Dentistry has moved towards digital fabrication techniques and technologies since 1988 but more rapid progression has occurred since 2008. Most of these have involved scanning, CAD-CAM, and computer management. There are, now, very exciting new ways to produce all-ceramic restoration that include both subtractive approaches (e.g., milling an object out of a block) and additive techniques (e.g., forming a solid by curing powders or liquids into complex shapes). These are the laboratory technologies that will generate most of the new restorations that need to be manufactured outside of the mouth. There is a demand large numbers of these restorations and the fabrication techniques need to be fast, accurate, and inexpensive. As such, we need to focus on optimizing these techniques and exploring new technologies.
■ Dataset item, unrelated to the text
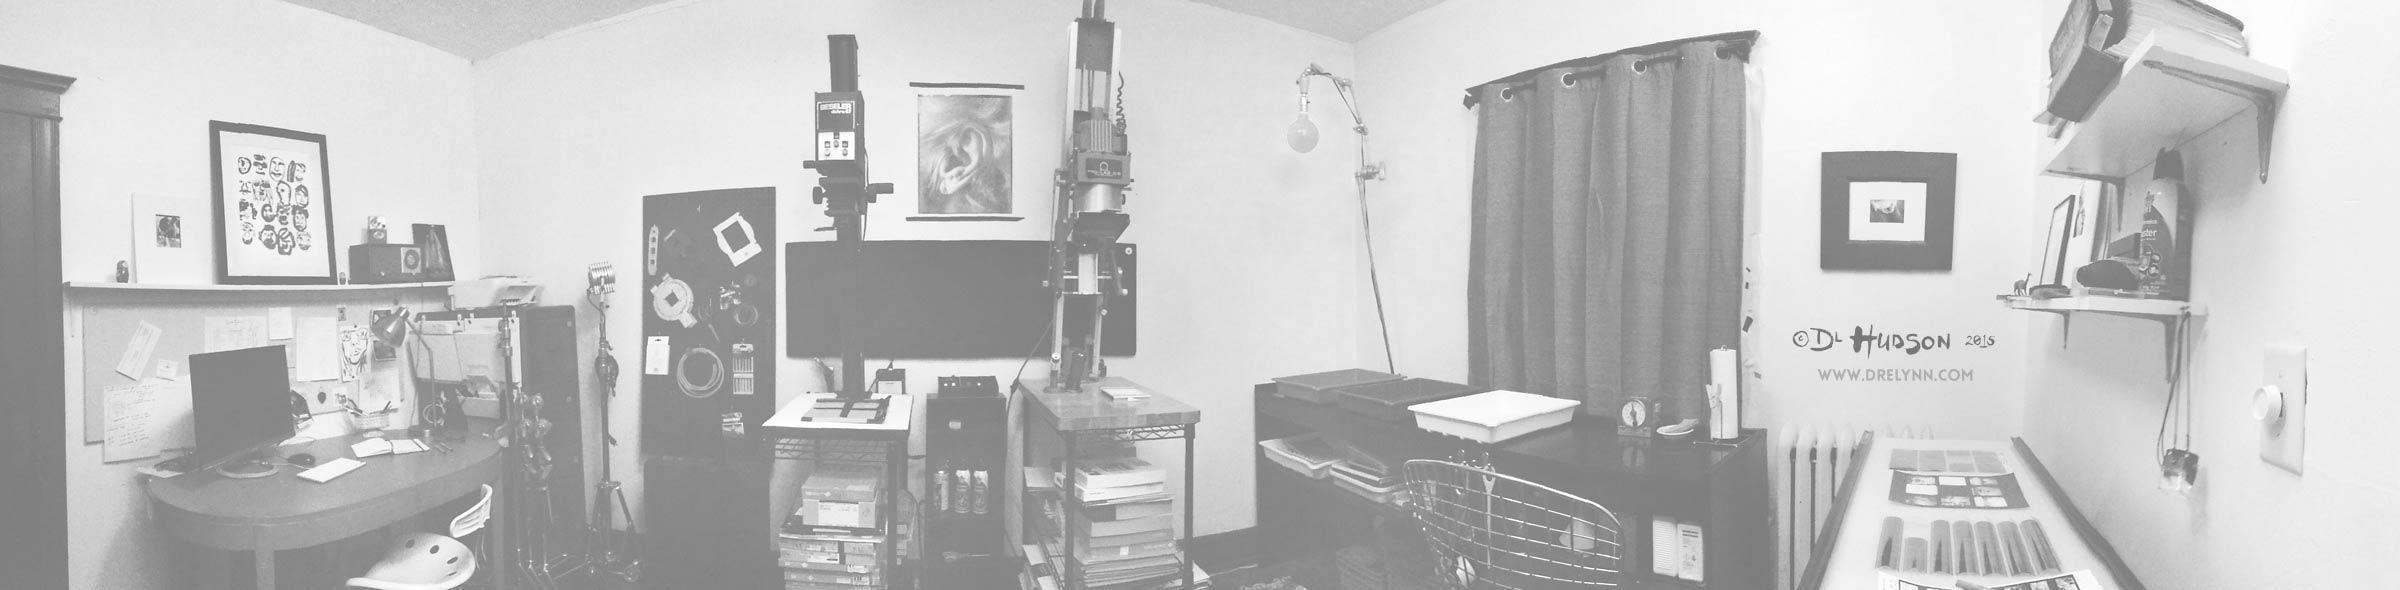 Apartment Darkroom v2.0

Additionally, several standard laboratory tests and simulations for screening materials and comparing existing products have been developed. However, the tests do not predict true clinical performance. Most of the tests exclude exposure to saliva which is an extremely important factor impacting clinical outcomes. Practitioners require provide fast and accurate predictions of potential clinical performance of these materials. Unfortunately, materials are not tested first and then issued, but rather issued and then, extensively tested. Often failures are 4-5 years in service, and products have already changed every 2-3 years.

Clinical research is valued as the gold standard for testing; however, it takes time, is expensive, and is not very predictive of potential failure events or times in the future. As such, new clinical research models are needed to predict success or failure for new materials quickly. Ideally, practitioners would like restorative materials to last 10-20 years in the mouth but, most of the current research is only 2-5 years in length. Also, clinical research protocols are narrowed down to ideal patient types, rather than including examples of the real challenges that wet-fingered dentists face.